> **Assigned task**: Please transcribe the data that follows without the pictures, keeping every word the same.

Data block Start Marker

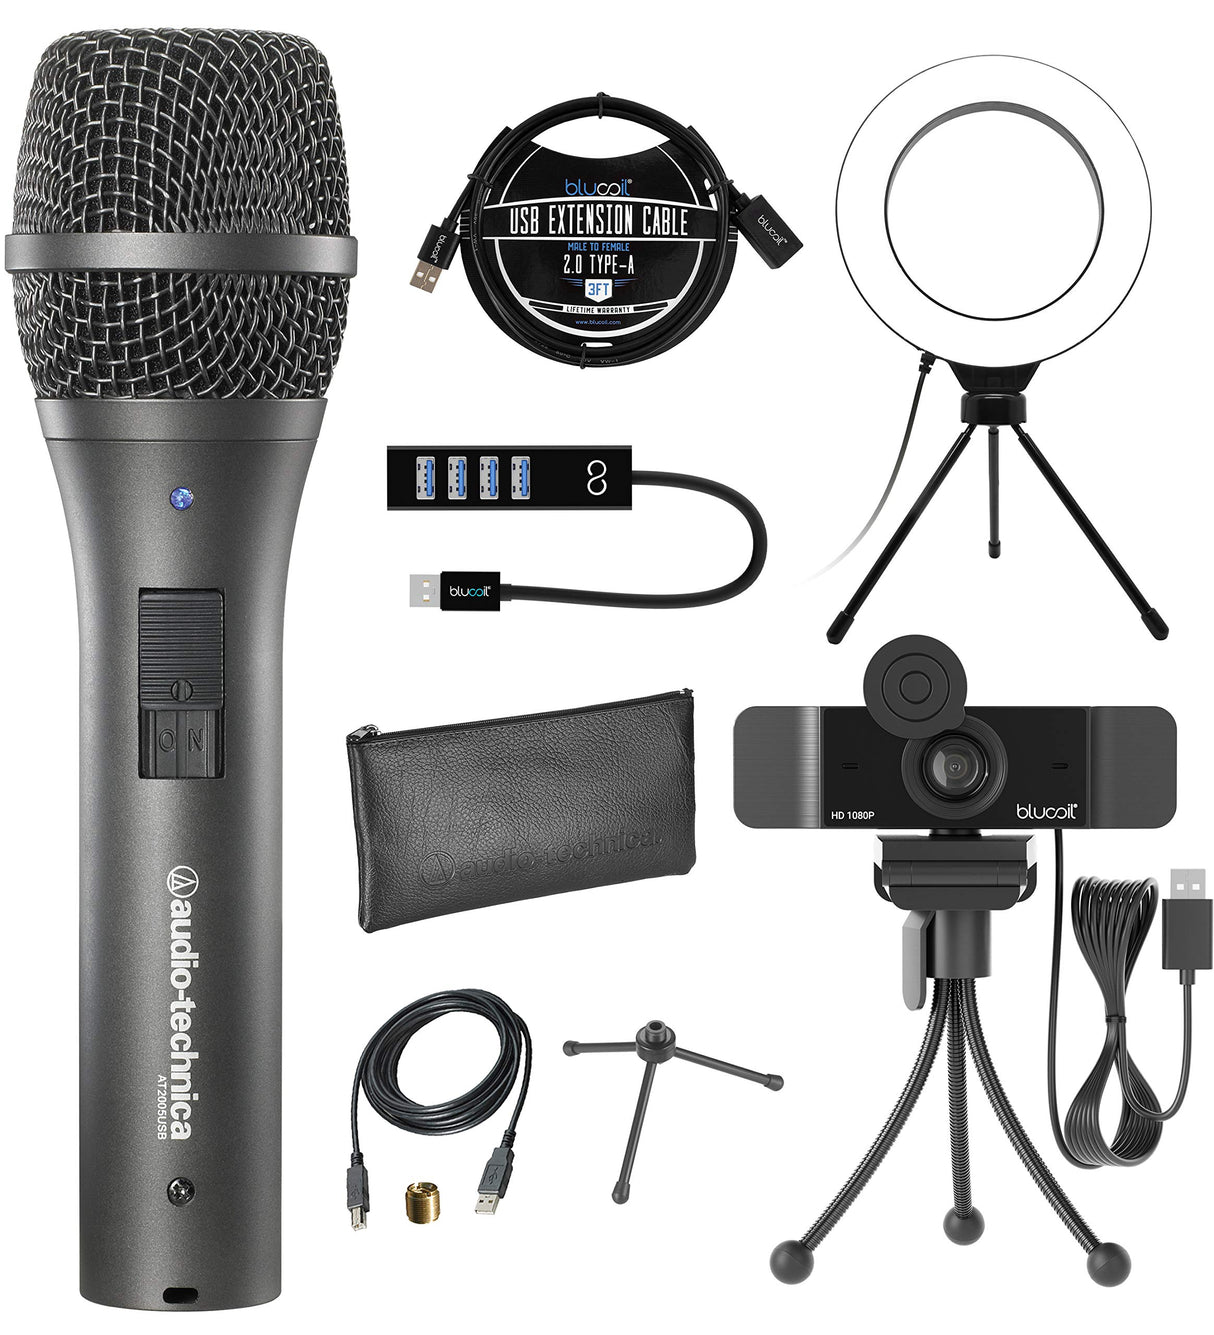 Audio-Technica AT2005USB Cardioid Dynamic USB/XLR Microphone for PA Systems, Windows and Mac Bundle with Blucoil 1080p USB Webcam, 6" Ring Light, USB-A Mini Hub, and 3' USB Extension Cable
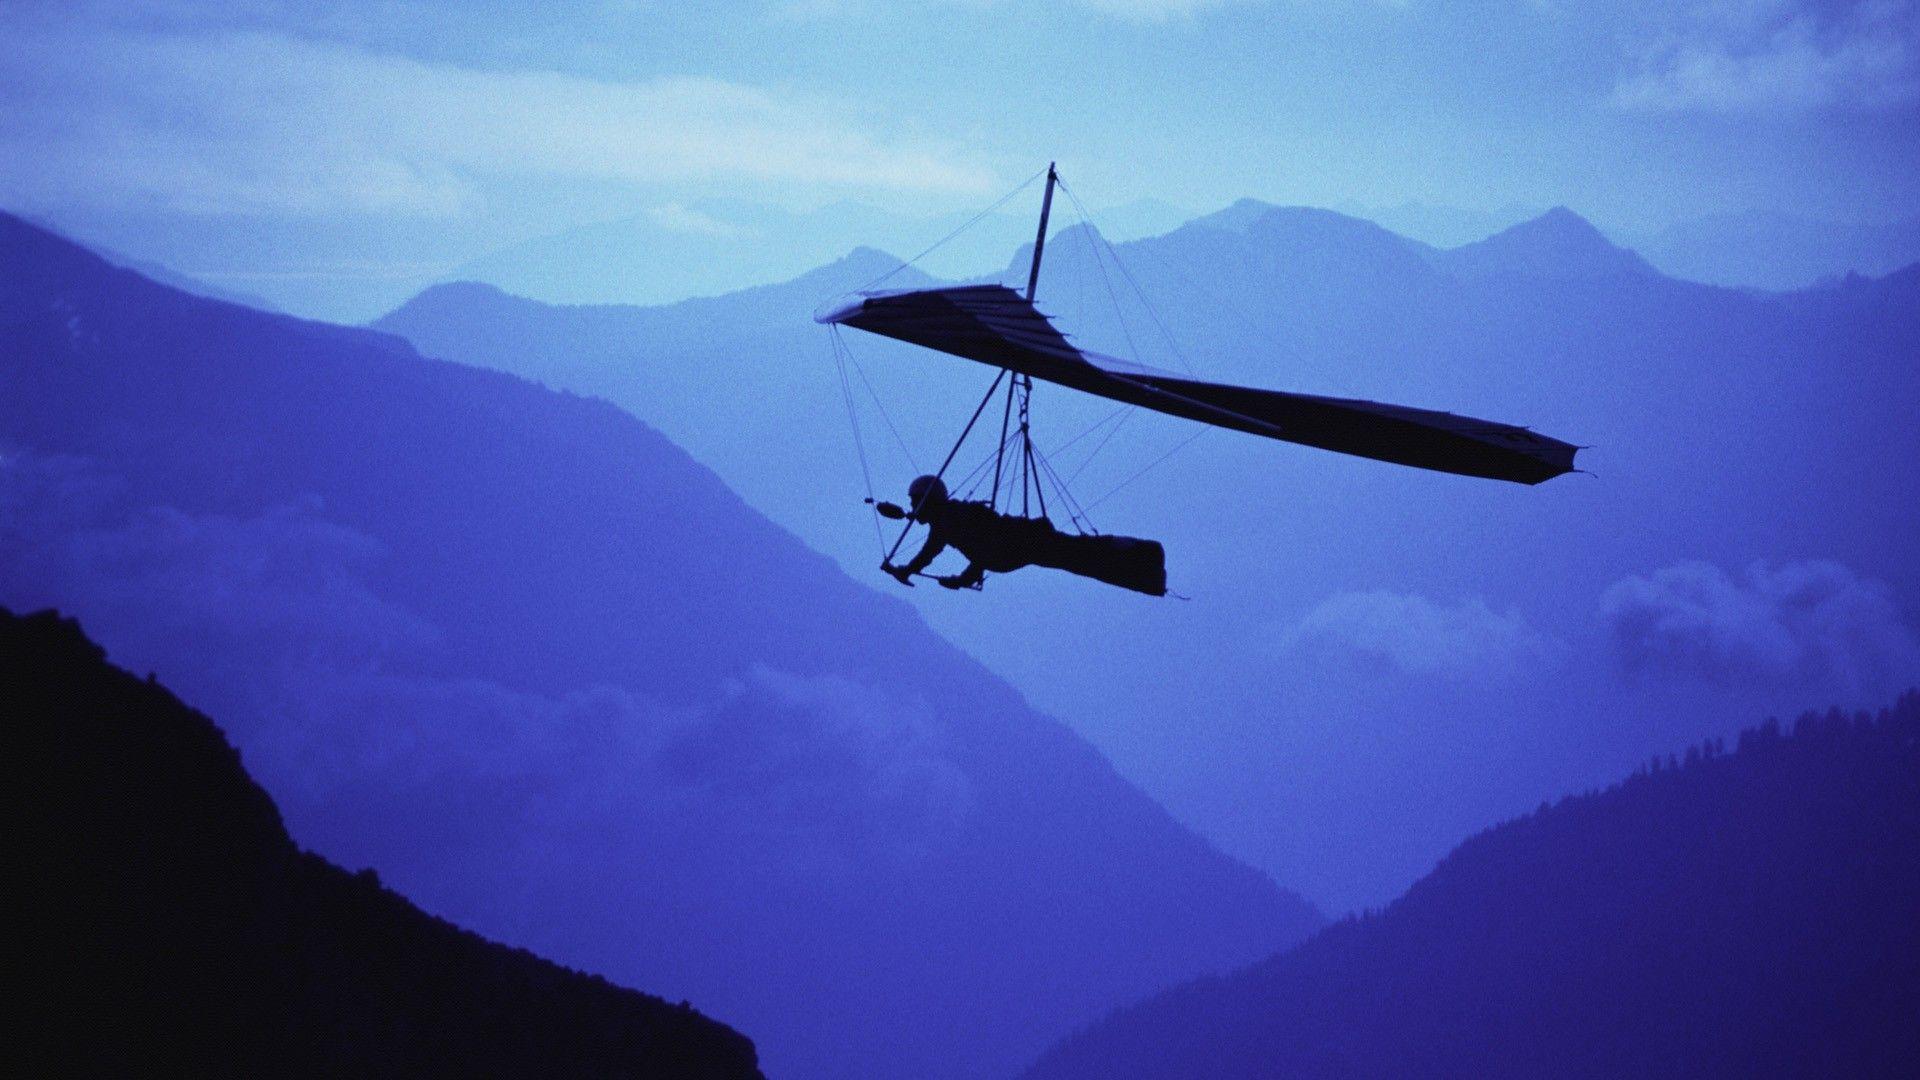 Image detail for -Hang glider over the mountains. Wallpaper To You
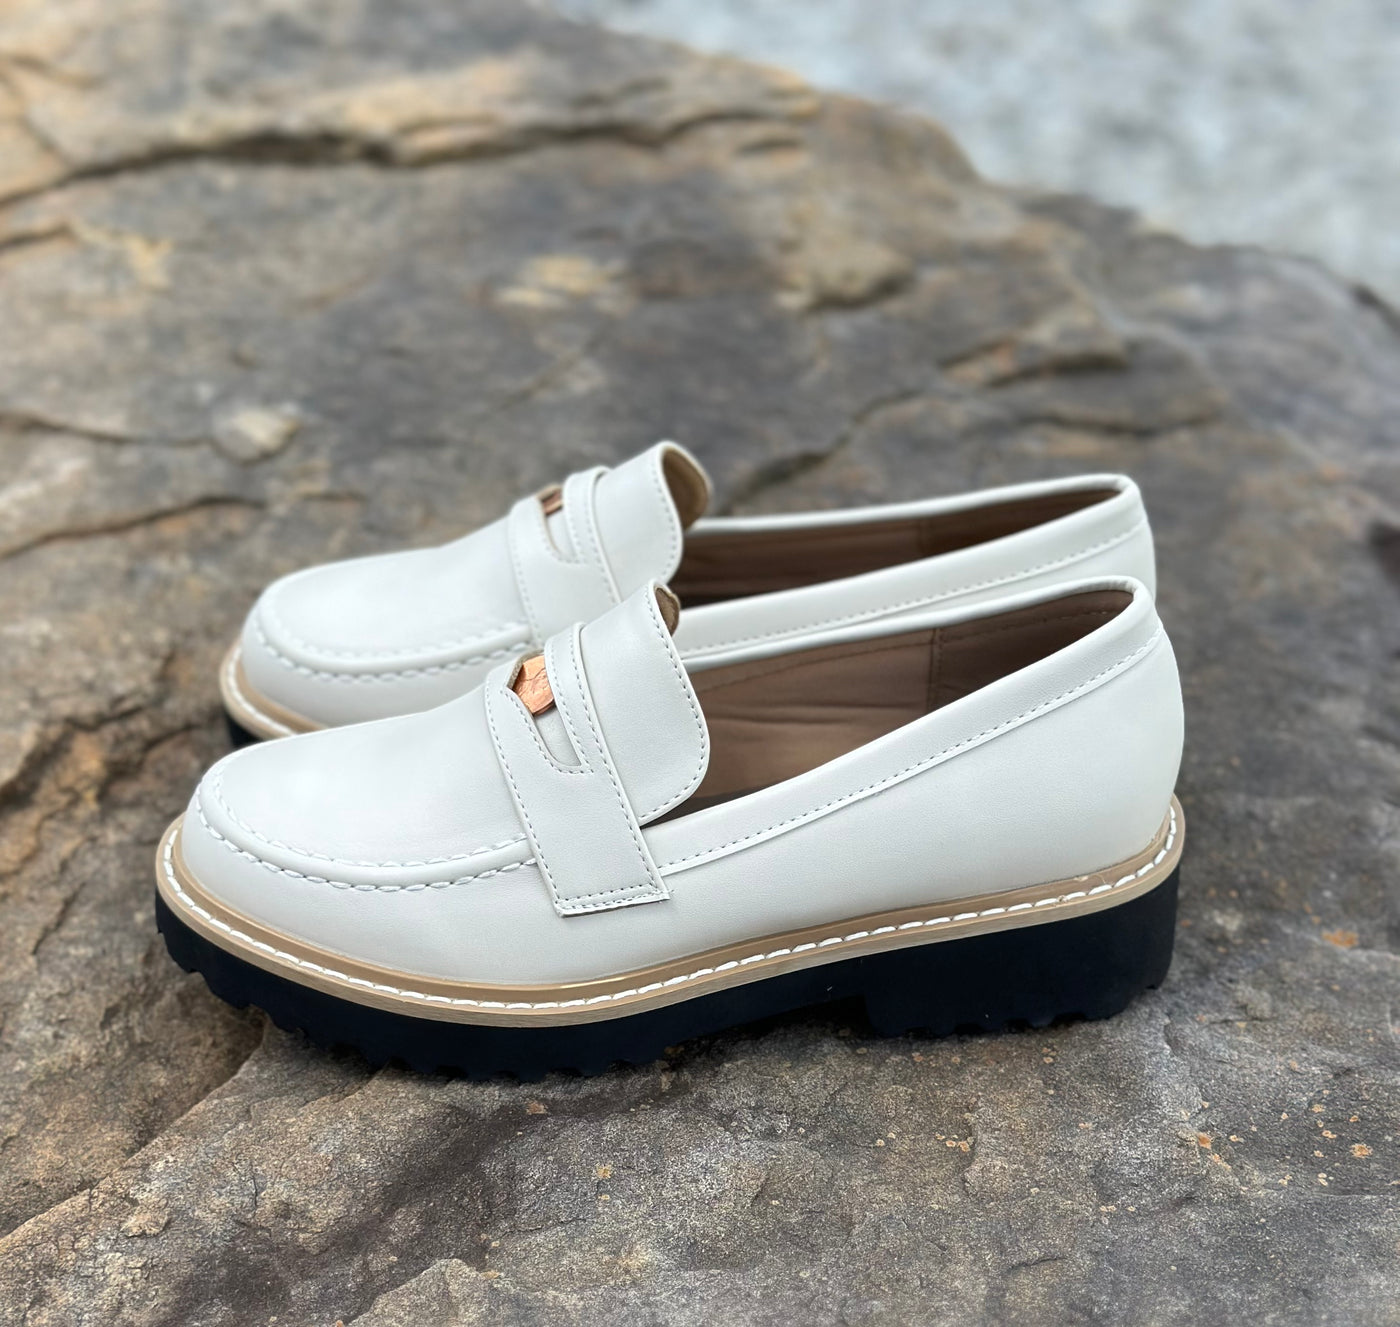 Corkys "Boost" Loafer in Ivory
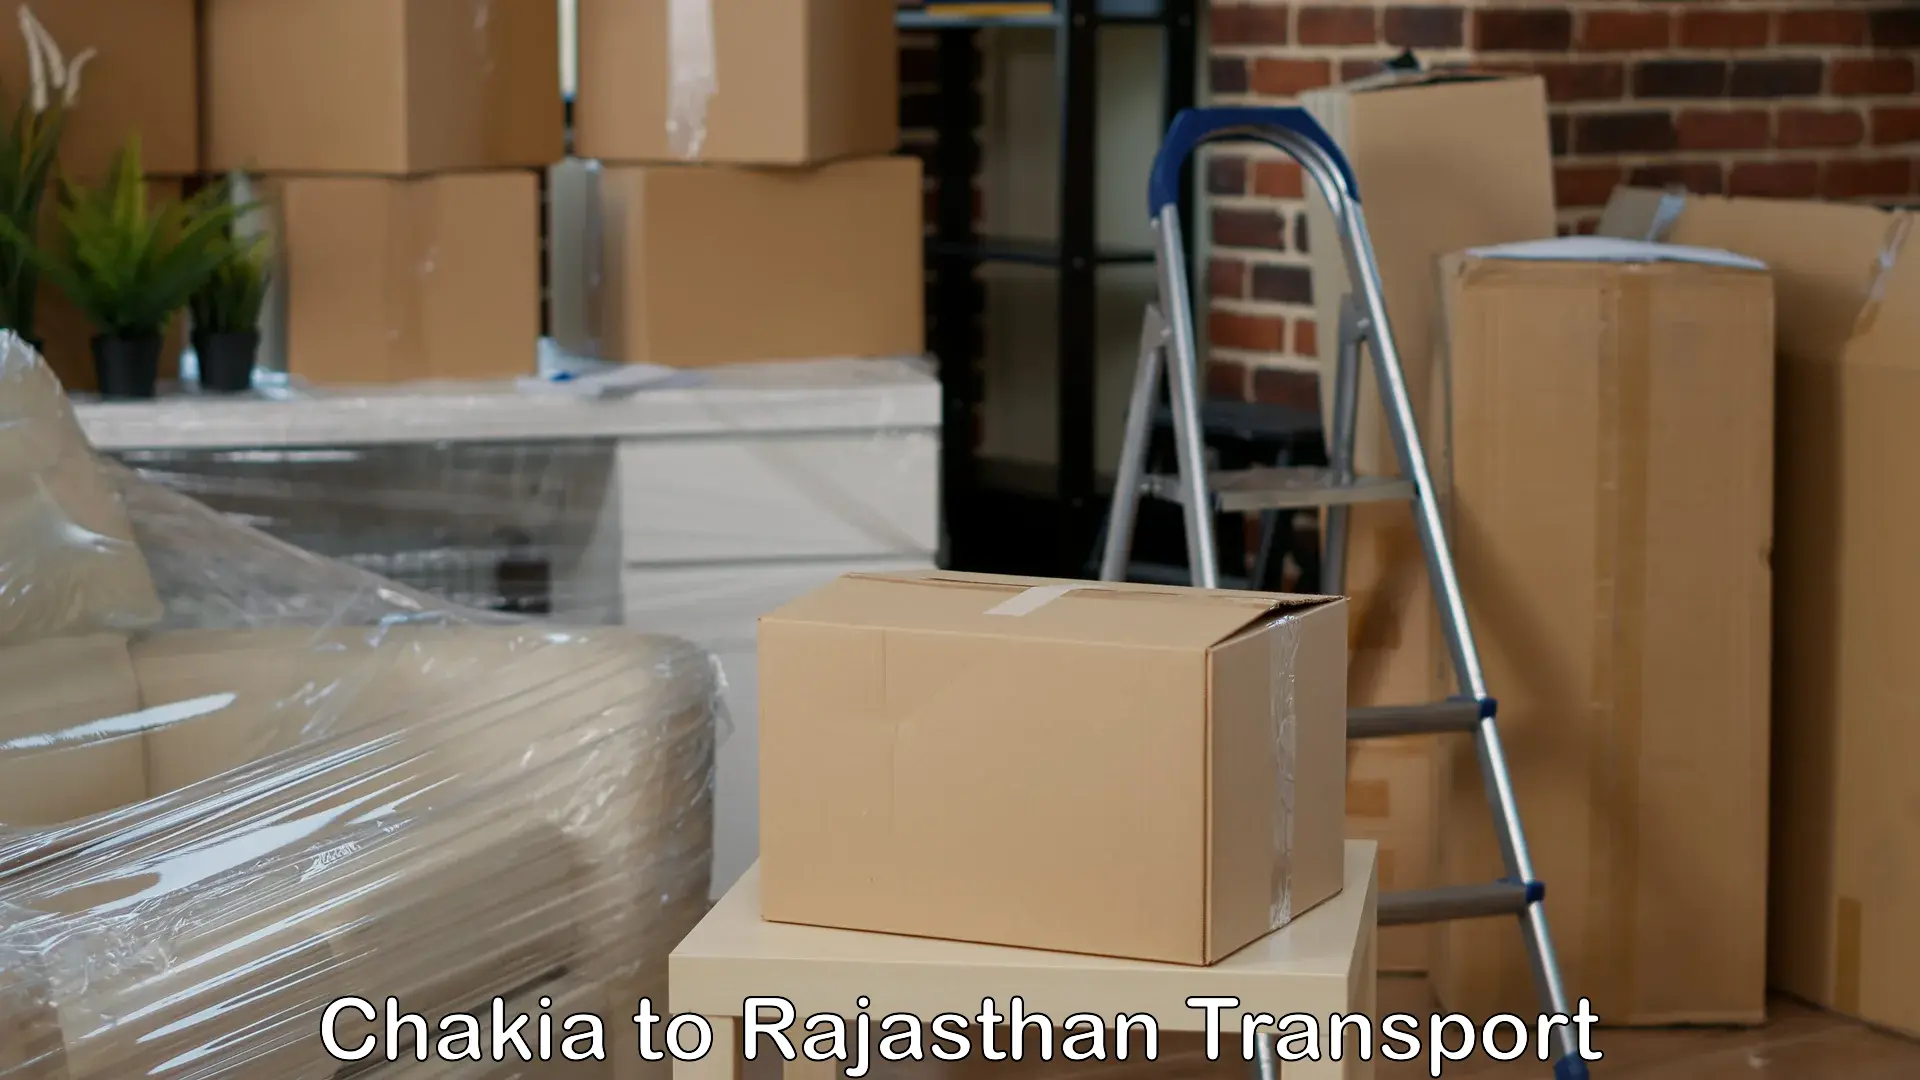 Cargo transport services Chakia to Dholpur

Data block End Marker

> **Solution to this problem**:
 Audio-Technica AT2005USB Cardioid Dynamic USB/XLR Microphone for PA Systems, Windows and Mac Bundle with Blucoil 1080p USB Webcam, 6" Ring Light, USB-A Mini Hub, and 3' USB Extension Cable
 Image detail for -Hang glider over the mountains. Wallpaper To You
 Corkys "Boost" Loafer in Ivory
 Cargo transport services Chakia to Dholpur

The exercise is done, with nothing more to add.